Heero felt a light tap on his shoulder. He whipped around to see a beautiful girl with sea blue eyes and shoulder length honey blonde tresses. She wore a short magenta and jade green Hawaiian dress with a red hibiscus in her hair. She looked gorgeous in the light they were in.

"Hee-chan, will you save a dance for me?" She asked politely. Heero blushed scarlet red and his heart beat like the strobe light. (That's something you don't see everyday!)

"Of course… Michiko." He said in reply. Out of nowhere Quatre skipped across the room gave Heero a big hug.

"Oh I just wanted to thank you for the great eats we have!" Quatre giggled.

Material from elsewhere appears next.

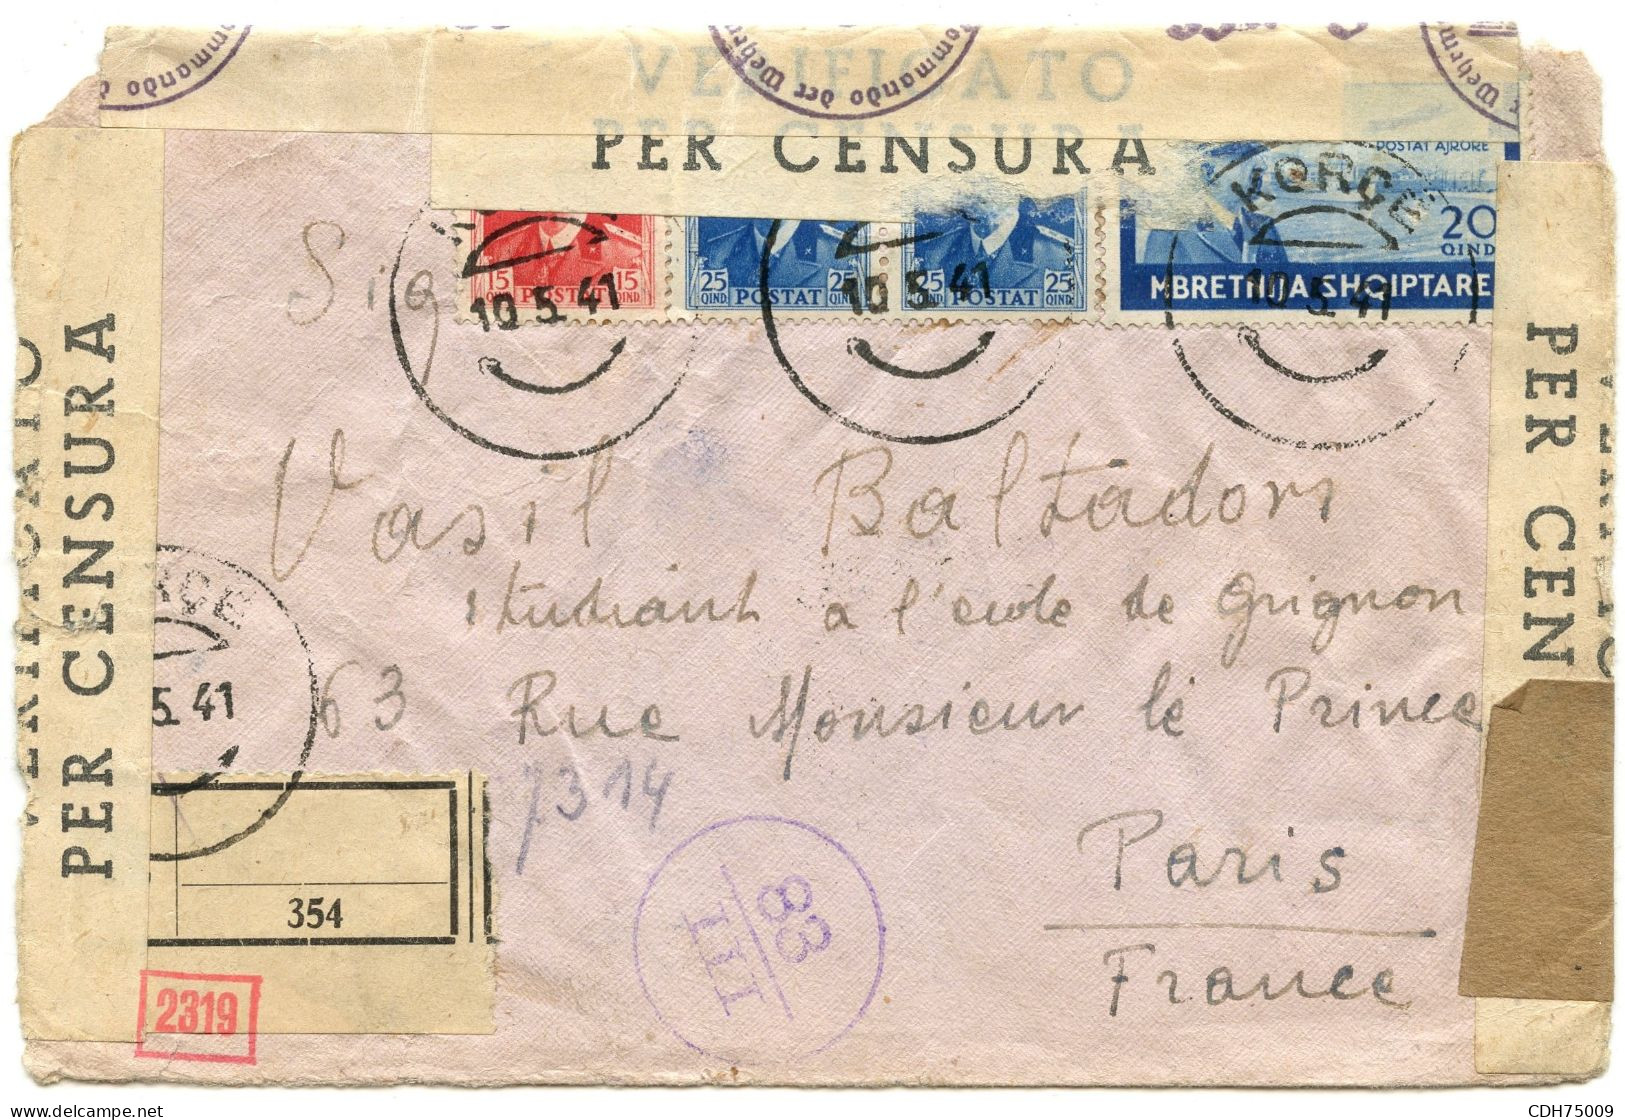 ITALIE - LETTRE RECOMMANDEE CENSUREE DE KORCE POUR PARIS, 1941 - Albania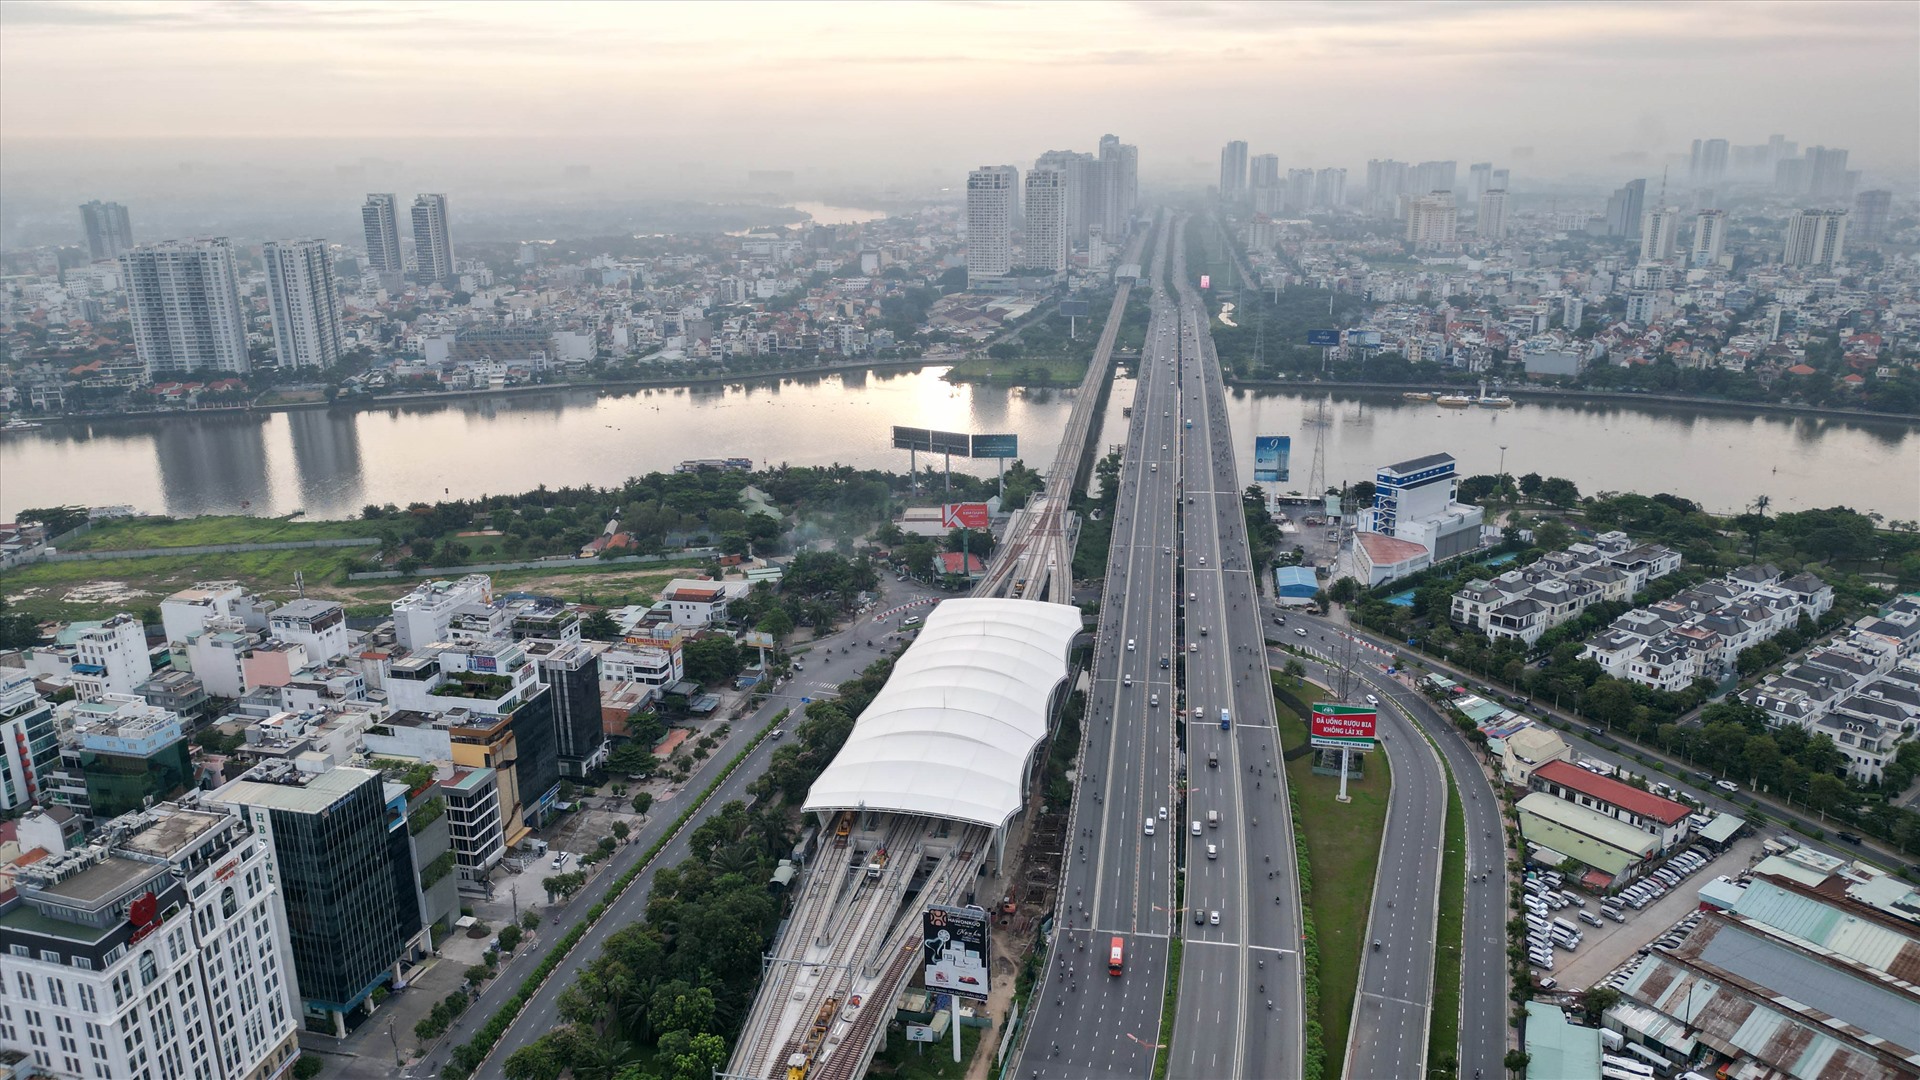 Đoạn đường đổi tên thành Võ Nguyên Giáp từ cầu Sài Gòn đến ngã tư Bình Thái với chiều dài là 5,9km, từ ngã tư Bình Thái đến ngã tư Thủ Đức với chiều dài là 1,89km.

"Ahhh!" Heero screamed as he smacked Quatre several times in the head.

Then, it got really rappish and had a Hawaiian speaking rapper, singing a techno-ish version of "Only Time" By Enya. Wufei and The random person started bobbing their heads. And then another weird song came on.

"This……….It…Isn't even Hawaiian!"

"What?"

"AHHHHHHH" Heero screamed. Heero held his water gun near his chest.
It was "Santa Baby"! And it was the spring!!!!! Everybody looked at the current dj that picked this non-spring song. Why, it was the random person!!! (Lady Une)! Duo, Wufei, Trowa, and Heero walked up on the stage, where the music dj was. Quatre was still dancing until he realized that no music was playing.

" Well bow are heads, and slap me silly! What happened to the music?" Quatre said when people tapped him on the back.

"Lets see who you really are!!!!" Duo said to the fellow students and the random person. He pulled off the mask on her, or face, and it was………….. Old man Wethers!!! The man who owned the deed to a dancing beaver company.

"But what else, another mask…!" Wufei yelled. Why, It was Don King! They tried once again to remove a mask. But he didn't have another mask! He had a wig. No wonder his hair was always sticking up. ^^^^^ ßThat's the top of his head!!!

"Well, I'm glad that we all are weirder freaks!" Duo said looking at all of you viewers.

"It reminds me of jumping whales!" Wufei said with really big eyes.
"Hey, were is Heero?" Trowa said crossing his arms.

Then, the "Santa Baby" Music started to play. "Santa Baby!!! Come down the chimney tonight iiiigghhttt!!!!" Heero sang so cute, that all the 8th grade girls stood right by the stage. Heero winked at Michiko.

"I think we should go before this gets ugly and he starts singing "Gone" By N*SYNC !!" Duo said to the boys walking out the door.

"Gone! YOUR GONE!!!!!" Heero sang. Heero stopped for a moment.

"Wait a minute.. I hate N*SYNC!" Heero spat out. He threw the microphone on the stage and jumped by Michiko.

"Hey…" Heero began to stay till he was interrupted.

"C'mon Hee-man, we gotta go, umm… Quatre um… made a deal with Mr. Crabs… so…" Duo began to ramble.

"Alright lets book it! Awe leapin' lizards, we're miss the raffle drawing!" Quatre complained. They all looked at Quatre with a lazy eye.
"Lets go!!!!!

To be continued …



AUTHOR'S NOTE!!! HEY READERS! It's 12 pm in the morning! Did you like the story? If you did, good, if not, tough walnuts. I guess we shouldn't even ask! This fic wasn't even hard to write, like Shwartzenagger is hard to spell. Did you have a good day? We went to "kindergarden buddies" today and they were like "You're my new friend" though we are several grades above them. It was insane! Dude… Whoa!